The narrator, whose face remains unseen, talks about how she is drawn to horror movies after being in a car accident, trying to correlate this “real-life” trauma she experienced with her need to cope through film. Do you remember those quotes around the word documentary above? Well, after a little research, it seems that the narrator is a fictional character developed and played by Amy E. Watson.

FEAR ITSELF: A Half-Hearted Exploration Into A Fascinating Subject
Antichrist (2009) – source: IFC Films

While this is not a huge deal, I admittedly felt a bit played by the “documentary” classification. I usually love unreliable narrators, but this is something else entirely. The film had transformed itself from being an authentic and deeply personal genre study (that went on too long) into an illusionary and incomplete work of fiction (that went on for far too long).

Oh the runtime, how I felt you so. Despite being drenched in the richness of one of my favorite genres, it started to feel like a laborious chore to get through. While there are moments of sincere profundity that genuinely stirred me and gave me reason to think about my own relationship with fictional horror, these moments were disappointingly few and far between. The insight within the film’s overall message, epiphanies and all, could easily be condensed to about 20% of the film’s run-time.

Exquisite Corpse: The Fusion of Fear and Pleasure

People are fascinated by the visceral sensation of being scared. Real life vulnerable fear is one thing, but when a screen is placed between us and a fictionalized version of that same thing, the screen then becomes a barrier between it and us; creating a safe space to feel and process out fear without the consequences. Watching a horror movie after dealing with real trauma has this wild potential to go back to that awful feeling and place pleasure on it – kind of like a really weird Freudian band-aid. Therefore, what we are ultimately seeking is healing through knowledge.
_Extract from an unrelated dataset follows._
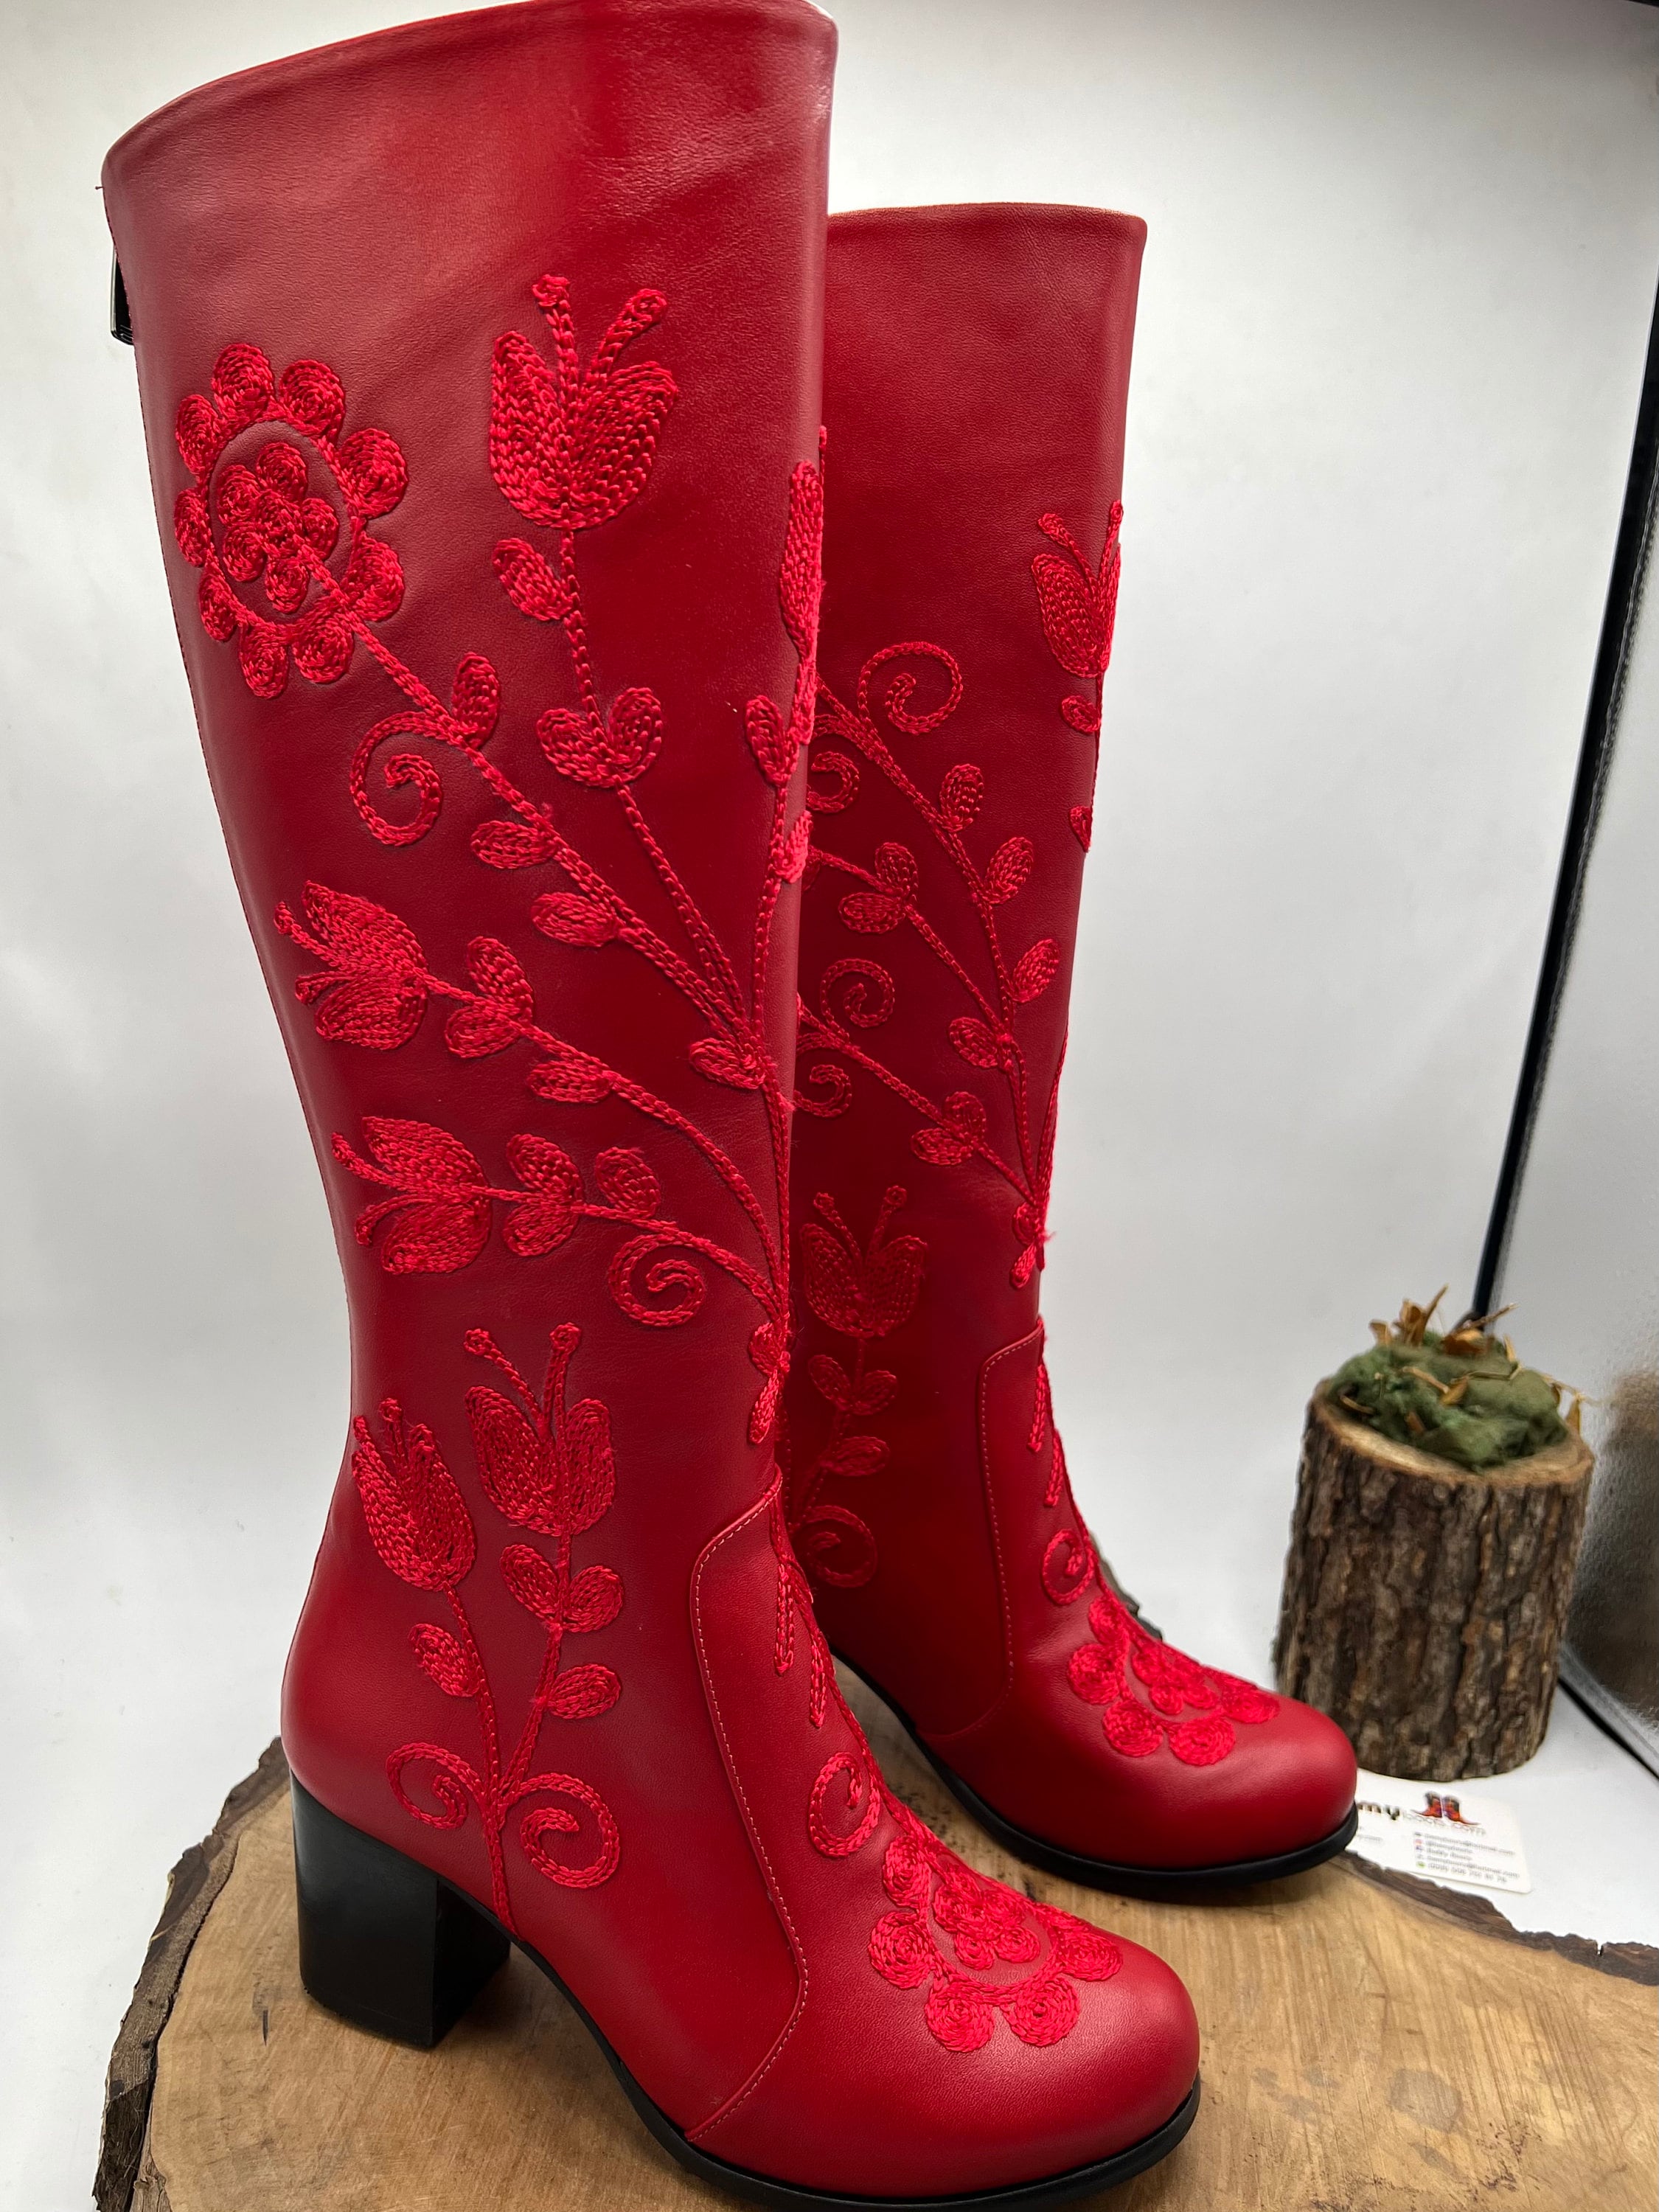 Red Leather Boots Custom Made Suzani Boots Embroidery - Etsy

Eugene Thacker explores the varieties of esoteric thought as it applies to horror in three volumes, beginning with In the Dust of this Planet: Horror of Philosophy Vol 1He suggests that:

We look to the [horror] genre… as offering a way of thinking about the unthinkable world. To confront this idea is to confront the absolute limit of our ability to understand the world in which we live.

Whether or not watching horror movies is an effective form of coping, I’m not sure. I doubt that it will be prescribed by psychiatrists any time soon, but the fact remains that some people (*ahem*, me) turn to it, whether or not they (I) fully understand why. Horror movies have always reflected the neurosis of societal pain and fear, but it absolutely reflects it back at you. It’s up to you as to what to do when confronted by it.

Conclusion

This propensity to watch horror movies as a way to cope with a traumatic experience is something that I certainly relate to, and as studies seem to show, as do many of you. In the words of Stephen King, “We make up horrors to help us cope with the real ones.”

I don’t know if I expected Lyne to get into the Id or into hierophantic principals, but let’s just say that it would have been nice. Perhaps my somewhat banal experience with Fear Itself is a classic case of expectations vs. reality. Was I Joseph Gordon-Levitt getting excited about going to Zooey Deschanel’s party? Are my expectations to blame?

You tell me, dear reader. Please watch Fear Itself and tell me what you think. Will you search for the logic in it all or simply, “feel the fear they want you to feel?”